Moanda : un trentenaire écroué pour le viol présumé de sa sœur de 14 ans
Le quartier Alliance, dans la commune de Moanda, est plongé dans la stupeur et l’indignation. Merlin A.M., un Gabonais de 35 ans, a été placé sous mandat de dépôt le mercredi 29 avril 2026 à la prison centrale de Franceville. Il est accusé de viol sur sa sœur cadette, une mineure âgée de seulement 14 ans.
Le drame, dont les détails ont été rapportés par le quotidien L’Union dans son édition du 4 mai 2026, s’est noué dans un contexte particulièrement sombre. Alors que la famille était réunie pour pleurer la perte d’un proche, le suspect aurait profité de la confusion générale pour assouvir ses pulsions.

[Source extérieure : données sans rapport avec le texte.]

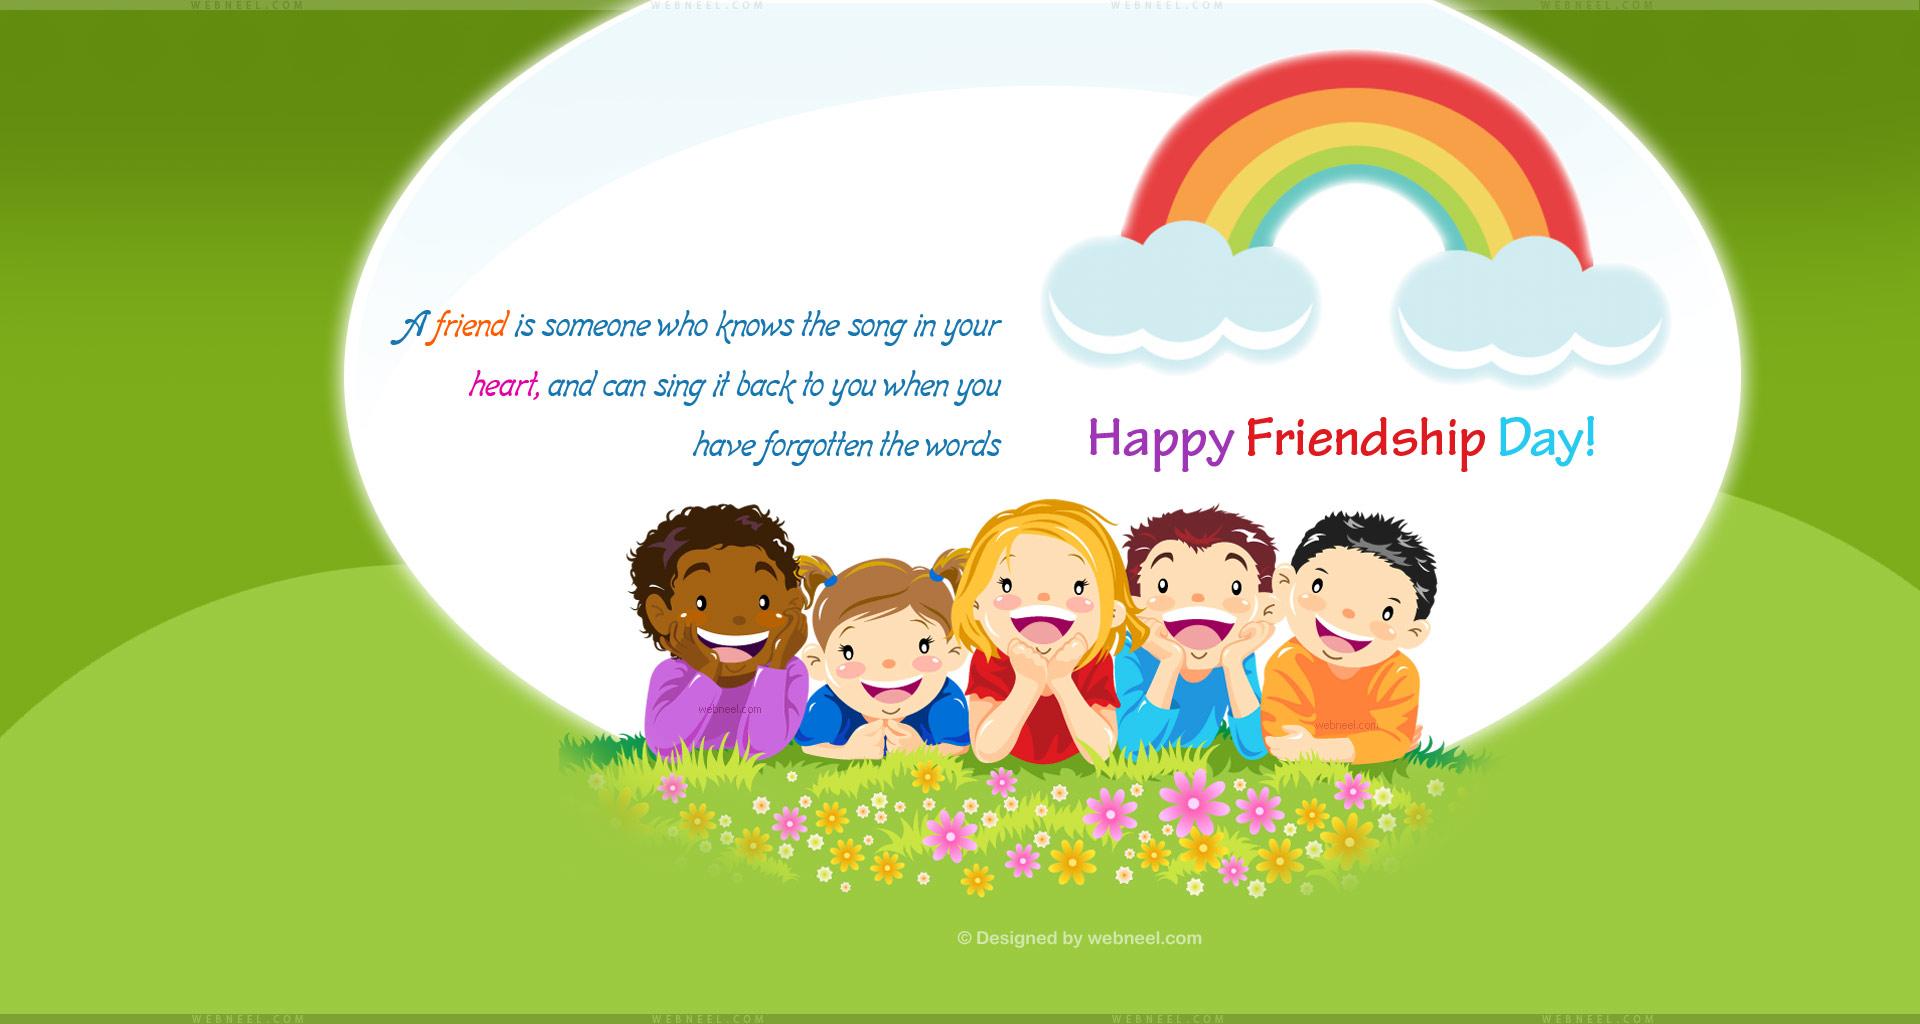 Creative Friendship Day Quotes and Wallpaper 2018
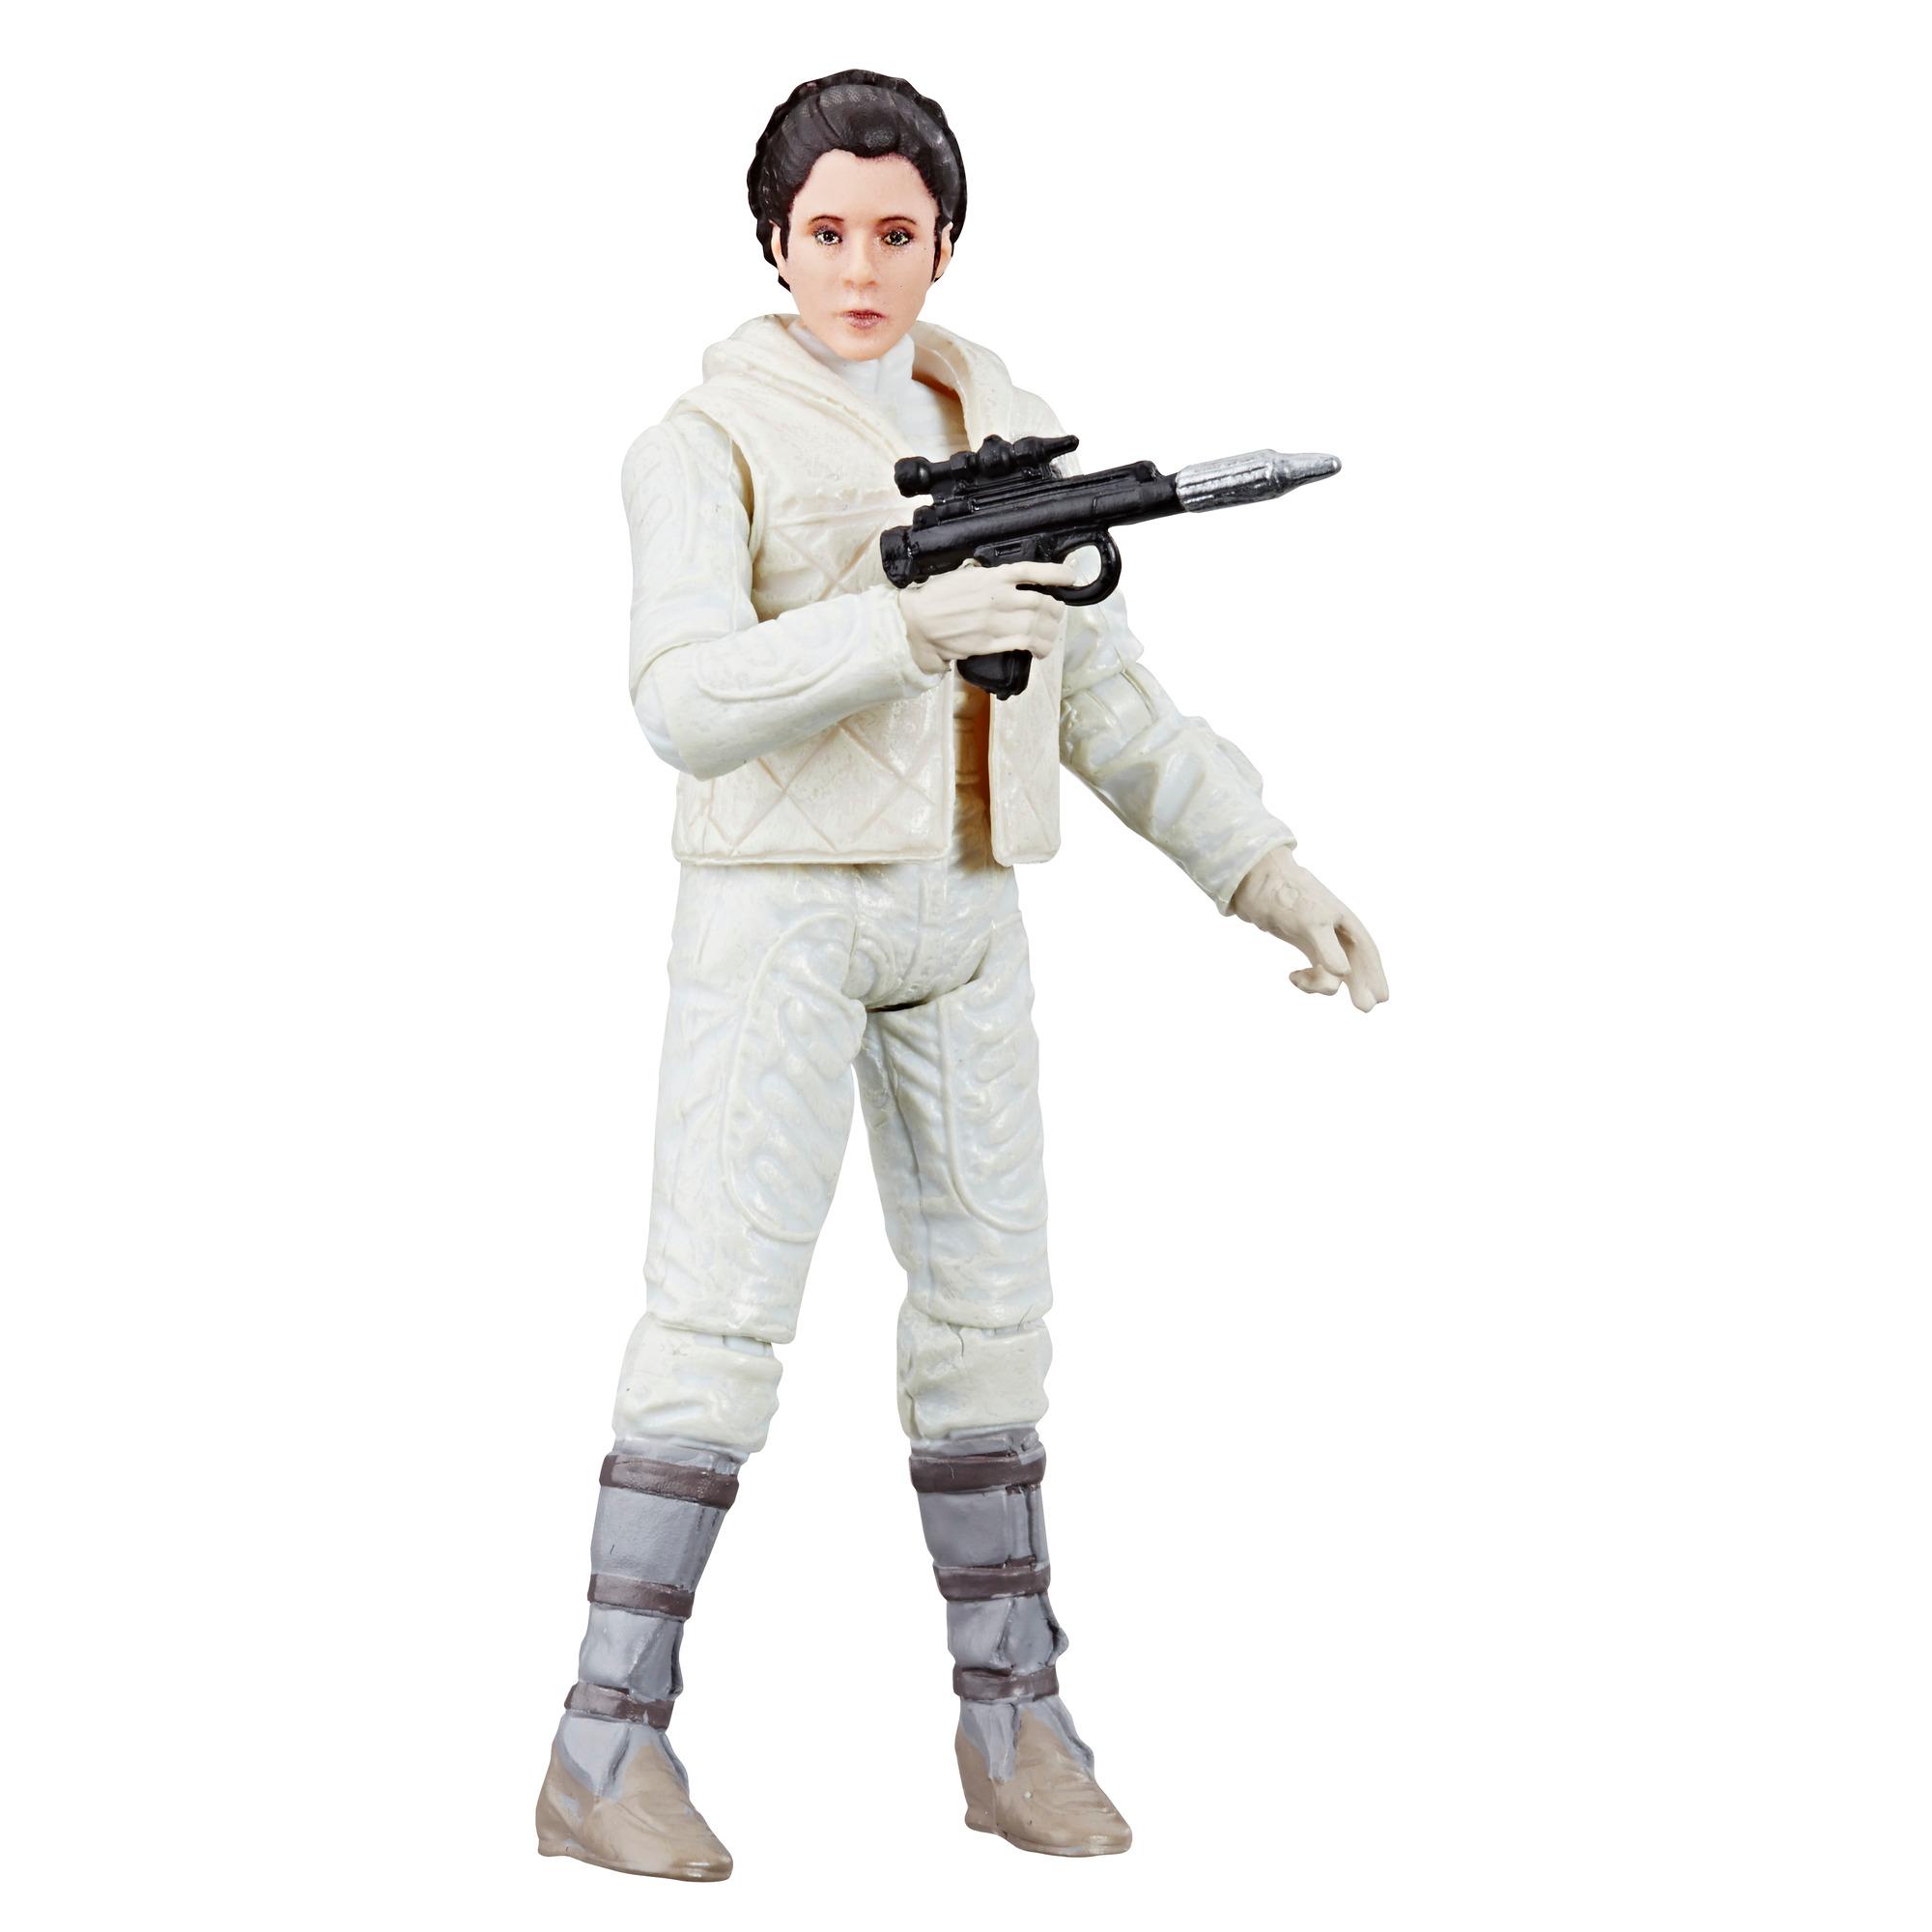 Star Wars The Vintage Collection Star Wars: The Empire Strikes Back Princess Leia Organa (Hoth) 3.75-inch Figure

Les faits se seraient déroulés dans la nuit du 9 au 10 avril dernier. Aux alentours de 20 heures, Merlin A.M. aurait suivi la jeune fille jusque dans les toilettes avant de la contraindre à un rapport sexuel. Non content de cette première agression, le mis en cause aurait récidivé le lendemain, cette fois sous la menace d’un couteau, accentuant le traumatisme de la victime.
Le silence brisé par la douleur
Pendant plusieurs jours, la jeune fille, terrée dans le silence et la peur, a tenté de dissimuler son calvaire. C’est finalement son changement de comportement et des signes de détresse physique qui ont alerté ses proches. Sous la pression de questions insistantes, l’adolescente a fini par libérer sa parole. Les examens médicaux pratiqués par la suite ont confirmé l’horreur : une déchirure de l’hymen attestant de la violence des rapports.
Des regrets, mais aucune explication
Après avoir pris la fuite, le suspect a été localisé puis interpellé par les éléments de la brigade de gendarmerie de Moanda. Lors de son interrogatoire, l’homme est passé aux aveux. S’il a exprimé des regrets, il s’est montré incapable d’expliquer les motivations d’un tel acte incestueux.
Présenté devant le juge d’instruction du tribunal de première instance de Franceville, il a été mis en examen pour viol sur mineure et écroué en attendant son procès. De son côté, la jeune victime bénéficie d’une prise en charge médicale et psychologique.
Ce nouveau drame vient tristement rappeler la recrudescence des violences sexuelles au Gabon, particulièrement au sein du cercle familial. Il souligne l’urgence d’une réponse judiciaire ferme et d’un renforcement des mécanismes de protection des mineurs face à ce que beaucoup considèrent désormais comme un fléau social dévastateur.